Was gilt als interkulturelle Kompetenz?

Unterschiedliche Auffassungen von Werten und entsprechende Verhaltensmuster können sowohl eine Gefahr als auch eine Chance sein. Dies hängt davon ab, wie man mit den Unterschieden umgeht. Begegnet jedes Mitglied eines internationalen Projektteams alle anwesenden Kulturen mit Offenheit und Respekt, gedeiht die Interaktion im Team auf einem fruchtbaren Boden.

In der Diversität versteckt sich ein grosses Synergie-Potential, das in Mehrwert umgemünzt werden kann. Dafür sind auf individueller Ebene folgende Fähigkeiten gefragt:

  • Sich mit anderen Kulturen positiv auseinander zu setzen
  • Das Anderssein zu respektieren
  • Situativ und kulturadäquat zu handeln

Interkulturelle Kompetenz setzt voraus, dass man sich mit der eigenen Kultur im Klaren ist. Welche sind meine Werte? Welche Kulturen haben mich in meinem bisherigen Leben geprägt? Dank solcher Fragen kann man die eigenen Motive beleuchten, d.h.wie und woher sind meine Werte, meine Prinzipien oder meine Glaubenssätze entstanden?

Es gelten mehr als eine Denkweise

Interkulturell kompetent zu sein bedeutet aber niemals, die eigenen Werte zu verneinen und sich mit anderen 1:1 zu identifizieren. Respekt gehört auch der eigenen Kultur. Wie schafft man denn den Spagat zwischen zwei unterschiedlichen Kulturen? Zwischen Werten, die sich widersprechen? In manchen Situationen kommt man nicht drum herum, eine Balance zu suchen, die es erlaubt, beiden Kulturen gerecht zu werden. Folgende zwei Beispiele sollen dieses Vorgehen illustrieren:

Konformität versus Solidarität

Die Chinesen praktizieren seit der konfuzianischen Zeit den Guanxi, wobei jedes Individuum in einem Beziehungsnetzwerk eingebunden sein sollte. Innerhalb des Netzwerkes sollen die Mitglieder bei Bedarf Unterstützung finden, was wiederum zu Gegenleistungen verpflichtet. Bekannte bevorzugt zu behandeln ist demnach legitim. Dieser Grundpfeiler der Lehre Konfuzius’ prägt immer noch die chinesische Gesellschaft. Somit können Chinesen von Bekannten erwarten, bevorzugt behandelt zu werden. Interkulturelle Kompetenz In Shanghai Gewährt ein Manager einem Jungen eine Arbeitsstelle nur aufgrund der Beziehung mit seinem Vater, hat dies in China nichts Unmoralisches. Von Deutschen und Schweizern werden solche Erwartungen als unfaire Gefälligkeiten abgestempelt, weil sie gegen das Prinzip der Chancengleichheit verstossen. Dem erwarteten Dienst nicht Folge zu leisten gilt für Chinesen hingegen als Verrat und ist Grund genug, die Beziehung abzubrechen. Über solche Erwartungen Bescheid  zu wissen ist auch interkulturelle Kompetenz.
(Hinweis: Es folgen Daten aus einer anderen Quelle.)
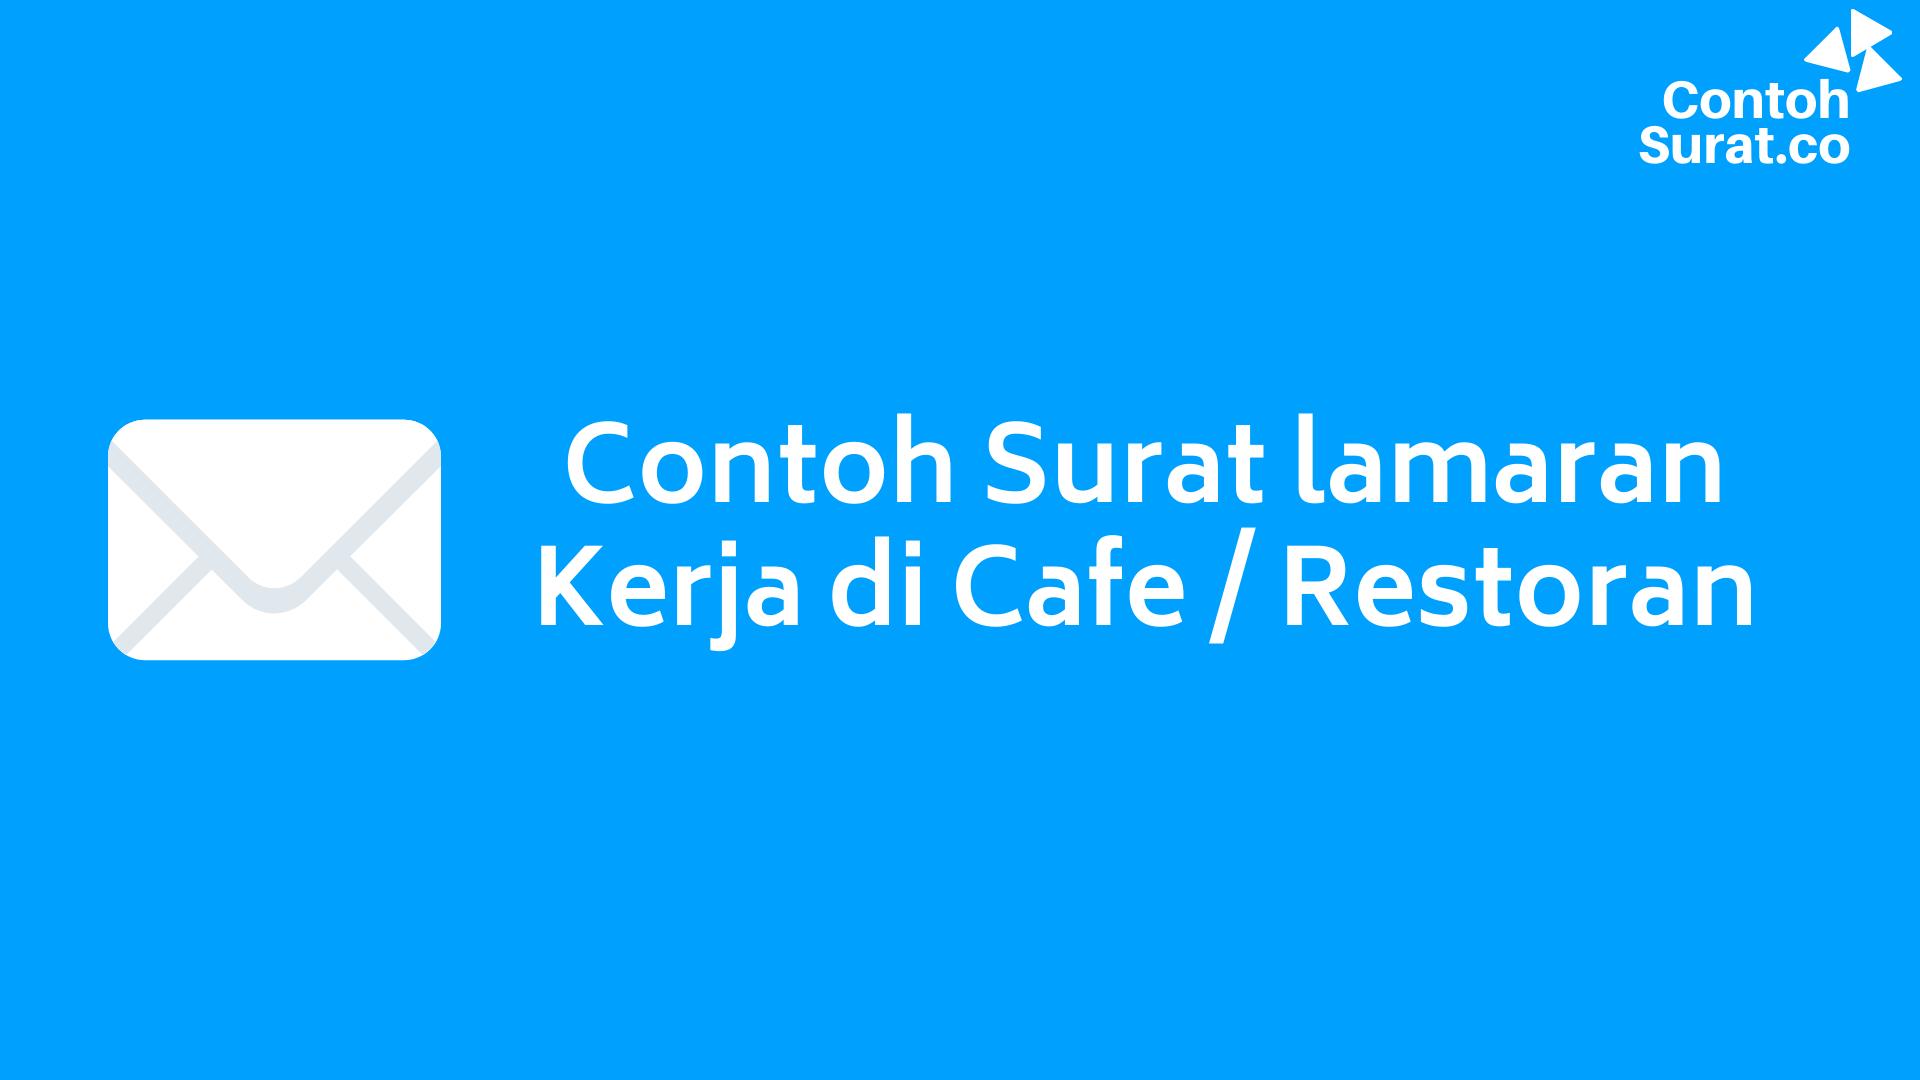 15 Contoh Surat Lamaran Kerja Di Cafe Restoran Sebagai Waitress Barista Kasir Dan Karyawan

Effektivität versus Wertschätzung

Die Deutschen pflegen meistens die direkte Kommunikation. Dieser Stil zielt darauf ab, die Kommunikation ehrlich, zielgerichtet und effizient zu gestalten. Im Orient fokussieren Gespräche auf der Bewahrung von Harmonie unter den Gesprächspartnern. Menschen aus den arabischen und fernöstlichen Kulturen erleben schon ein „Nein“ als Gesichtsverlust. Dort wird ein „Nein“ eher indirekt durch vage Kommentare oder durch Schweigen angedeutet. Direkte, von Negativität geprägte Kommentare im Sinne von „ich sage was ich denke“ wirken sich im Fernost teilweise verheerend aus und führen nicht selten zum Abbruch der Kommunikation und der Zusammenarbeit.

Auswählen, hierarchisieren und eliminieren

Es sind diese Fähigkeiten, die z.B. Anhängern eines direkten Kommunikationsstils erlauben, die Balance zwischen Effektivität und Wertschätzung oder zwischen Konformität und Solidarität zu bilden. Das ist auch interkulturelle Kompetenz.
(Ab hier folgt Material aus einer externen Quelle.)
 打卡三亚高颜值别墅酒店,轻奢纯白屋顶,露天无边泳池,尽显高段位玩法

Autor Noureddine Yous, intermedio über interkulturelle Kompetenz

Autor Noureddine Yous, intermedio

Das westliche Gedankengut beruht auf Gegensätze. Auf „entweder – oder“. Die Rationalität unseres Denkens zwingt uns stets zu wählen, zu hierarchisieren oder zu eliminieren. In Problemsituationen müssen wir auf eindeutige Ergebnisse kommen. Fernöstliche Kulturen basieren hingegen auf das „Sowohl als auch“-Prinzip. Zu dieser Denkweise gehört die Zweideutigkeit, die Europäer als störend bzw. inakzeptabel empfinden. Im Gegenteil dazu, eine gesunde Portion Toleranz wirkt in solchen Situationen integrativ und lässt viele Türen offen.

Fazit

Welche Denkweise die beste ist, ist nicht die Frage. Wichtiger ist, ob wir die Fähigkeit haben, uns im Umgang mit anderen Kulturen zu Recht zu finden. Das ist interkulturelle Kompetenz. Der Nutzen der interkulturellen Kompetenz ist sowohl für Individuen als für Teams deutlich. Eine Kulturanalyse macht Unterschiede in der Grundeinstellung und im Kommunikationsstil der jeweiligen Teammitglieder transparent. Eine offene Besprechung darüber im Team fördert die Integration und beugt potentiellen Konflikten vor. Basierend auf den gewonnenen Erkenntnissen, können Linienvorgesetzte und Projektleiter aus den unterschiedlichen kulturbasierten Eigenschaften Synergien nutzen.

Interkulturelle Zusammenarbeit bringt sowohl Risiken als auch Chancen mit sich. Das Entwickeln von interkultureller Kompetenz erlaubt es innerhalb einer multikulturellen Organisation Konflikte zu vermeiden und gleichzeitig die Produktivität zu steigern. Für den Einzelnen bedeutet der Erwerb dieser Fähigkeit einen grossen Sprung in der Persönlichkeitsentwicklung. Führungskräfte, die es schaffen, haben dann einen höheren Level von Leadership erreicht.